Everyone thinks of changing the world, but no one thinks of changing himself.”  Tolstoy

I felt my acerbic impulsiveness possessing me. I tried to think of the most venomous word. My thumbs couldn’t stop from polluting the airwaves by firing off a barrage of insulting and abusive texts directed against my loved one.

What had started under the most trivial of circumstances “Hi, how are you?” escalated to a heated discussion. She had been asking for help the past few months. It had become a recurring theme. But rather than agreeing to help her, I launched an attack, because she had not listened to my earlier advice. And that has left me carrying the financial burden for her mistakes.

I was apoplectic.

moral hero

Maybe it is the Middle Eastern way of dealing with anger. It goes like this: someone is advised by their family regarding a certain situation, they disregard the advice and later need to ask the family for help to unravel themselves from the consequences of their poor decision. Then the family gets angry about their advice being ignored. It is a way of adding insult to injury. It’s like “I told you so, but you never listened!”

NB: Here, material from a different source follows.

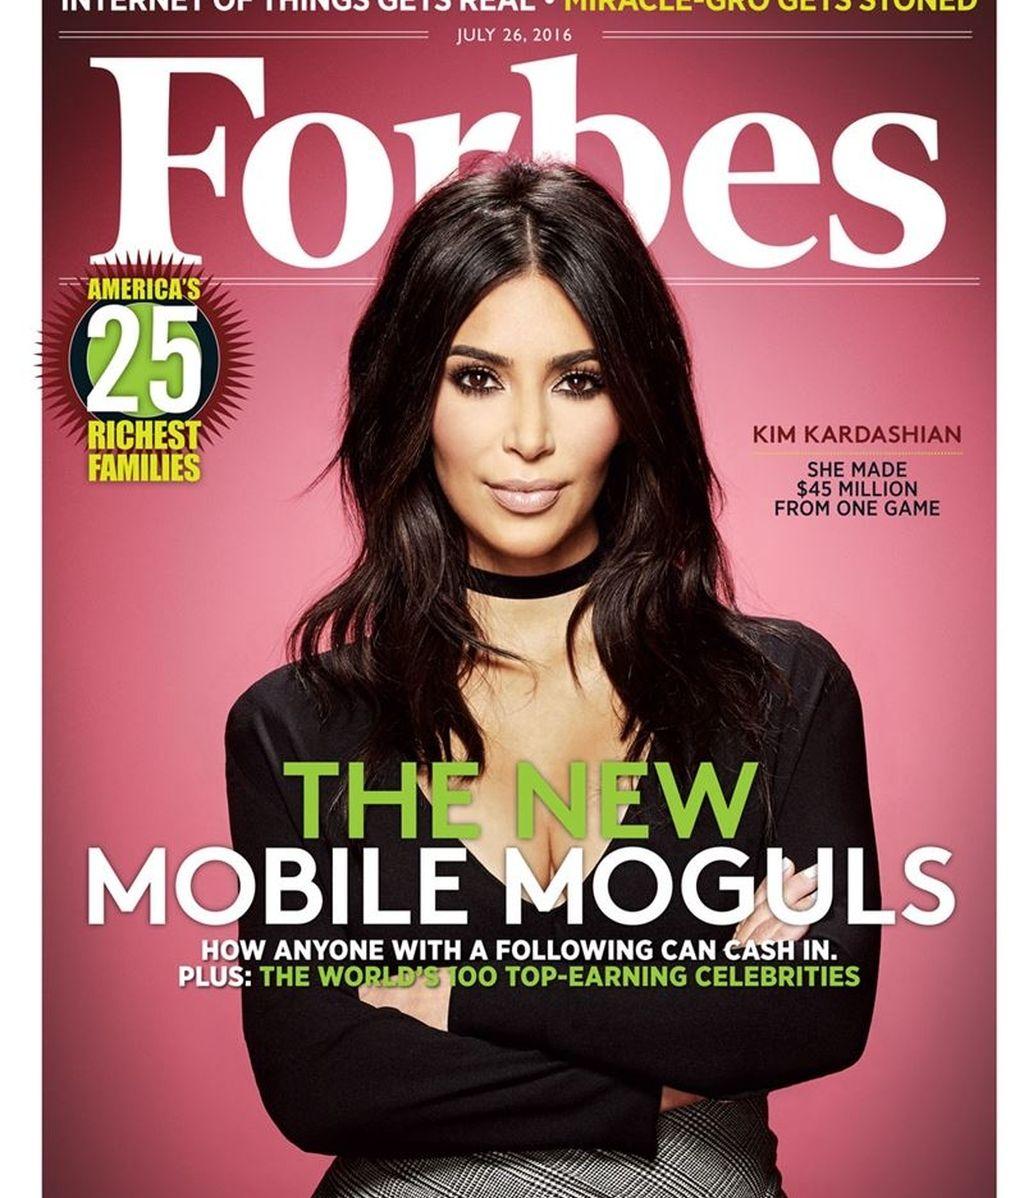 Kim kardashian Forbes

In my case too, I think she should’ve listened; and I added insult to her injury and left her in a state of distress. I had mixed feelings of being victorious and cowardly.

After we ended our discussion, the perverse episode gnawed at me. I was standing outside looking at the dark sky above. The secret voice inside me made me feel like a coward because my family and loved ones always saw the less admirable part of my character. I tend to inflict psychological harm on the people closest to me, or on the helpless.

After I cooled down, I reflected on the larger implication of my ethical mistake. In a world full of sorrows, how many ways are there to live? Many of us have the willful desire to pass pain on to those weaker than ourselves, or to our subordinates.

My impulsiveness betrayed me. It made me speak the language of an abuser. I fell asleep without knowing she was admitted to a hospital overnight. She came back from the hospital and texted me. I woke up to her messages.  As I read them I felt the pain I had caused her.

The concept of a moral hero came to my mind. I asked myself what makes a moral hero?

I don’t mean to be pontificating here, but I believe it is that person who forgives when it’s difficult to forgive, helps when it’s difficult to help, and loves when it’s difficult to love.

The word hero may sound inappropriate in this context. The prestige is stripped away from it. But in its essence, a hero is that person who is important in our eyes and close to us.

I’m sure many of us have been in similar situations. We feel guilty for a while, then forgive and move on. In my situation, it was a moment that tested my self-control.

I read stoic philosophy every day, and try to live by it. I decided to write this blog to hold myself accountable to changing this bad habit…to be free from this compulsive tradition. Maya Angelou said, “I’ve learned that people will forget what you said, people will forget what you did, but people will never forget how you made them feel.